In the expected usage of this bpf helper, perf_events are expected to
be created with the correct filtering.
From 856c02dbce4f ("bpf: Introduce helper bpf_get_branch_snapshot")
Introduce bpf_get_branch_snapshot(), which allows tracing program to get
branch trace from hardware (e.g. Intel LBR). To use the feature, the
user need to create perf_event with proper branch_record filtering
on each cpu, and then calls bpf_get_branch_snapshot in the bpf function.
On Intel CPUs, VLBR event (raw event 0x1b00) can be use for this.
>
> > - Handles all BRBE record types (complete, source-only, target-only)
> > - Complies with ARM ARM synchronization requirements (ISB barriers per
> > rule PPBZP)
> > - Reuses existing BRBE infrastructure (select_brbe_bank,
> > __read_brbe_regset, brbe_set_perf_entry_type, etc.)
>
> This duplicates other code (e.g. the body of
> brbe_read_filtered_entries()), and I don't think this is justified.
Ack.
>
> >
> > Signed-off-by: Puranjay Mohan <puranjay@kernel.org>
> > ---
> >
> > This patch is only compile tested as I don't have access to hardware with BRBE.
> >
> > ---
> > drivers/perf/arm_brbe.c | 95 ++++++++++++++++++++++++++++++++++++++++
> > drivers/perf/arm_brbe.h | 9 ++++
> > drivers/perf/arm_pmuv3.c | 5 ++-
> > 3 files changed, 108 insertions(+), 1 deletion(-)
> >
> > diff --git a/drivers/perf/arm_brbe.c b/drivers/perf/arm_brbe.c
> > index ba554e0c846c..cda7bf522c06 100644
> > --- a/drivers/perf/arm_brbe.c
> > +++ b/drivers/perf/arm_brbe.c
> > @@ -803,3 +803,98 @@ void brbe_read_filtered_entries(struct perf_branch_stack *branch_stack,
> > done:
> > branch_stack->nr = nr_filtered;
> > }
> > +
> > +/*
> > + * ARM-specific callback invoked through perf_snapshot_branch_stack static
> > + * call, defined in include/linux/perf_event.h. See its definition for API
> > + * details. It's up to caller to provide enough space in *entries* to fit all
> > + * branch records, otherwise returned result will be truncated to *cnt* entries.
> > + *
> > + * This is similar to brbe_read_filtered_entries but optimized for snapshot mode:
> > + * - No filtering based on event attributes (captures everything)

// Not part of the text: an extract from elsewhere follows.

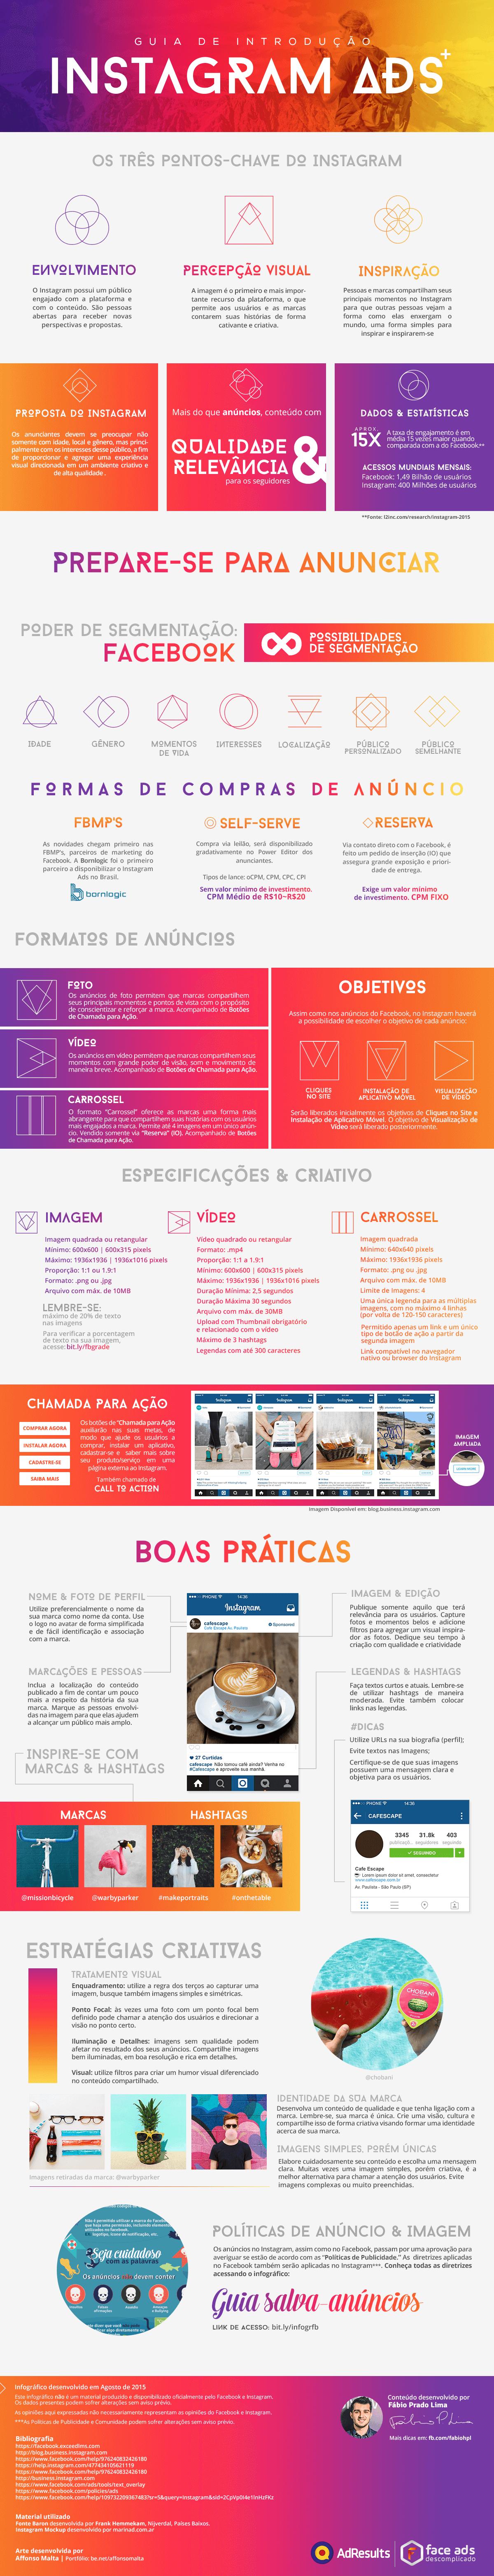 Infográfico: Instagram Ads (Anúncios no Instagram) – Como Anunciar e Dicas

> > + * - Minimal branches to avoid polluting the branch buffer
> > + * - Direct register reads without event-specific processing
> > + */
>
> As above I don't think these differences are necessary nor do I think we
> should be duplicating this.
Ack.
>
> > +int arm_brbe_snapshot_branch_stack(struct perf_branch_entry *entries, unsigned int cnt)
> > +{
> > + unsigned long flags;
> > + int nr_hw, nr_banks, nr_copied = 0;
> > + u64 brbidr, brbfcr, brbcr;
> > +
> > + /*
> > + * The sequence of steps to freeze BRBE should be completely inlined
> > + * and contain no branches to minimize contamination of branch snapshot.
> > + */
> > + local_irq_save(flags);
>
> The PMU overflow interrupt can be delivered as a pNMI, so this can race
> with that. Disabling interrupts is not sufficient.
In that case this implementation is completely broken, Do you have
suggestions about how this should be implemented?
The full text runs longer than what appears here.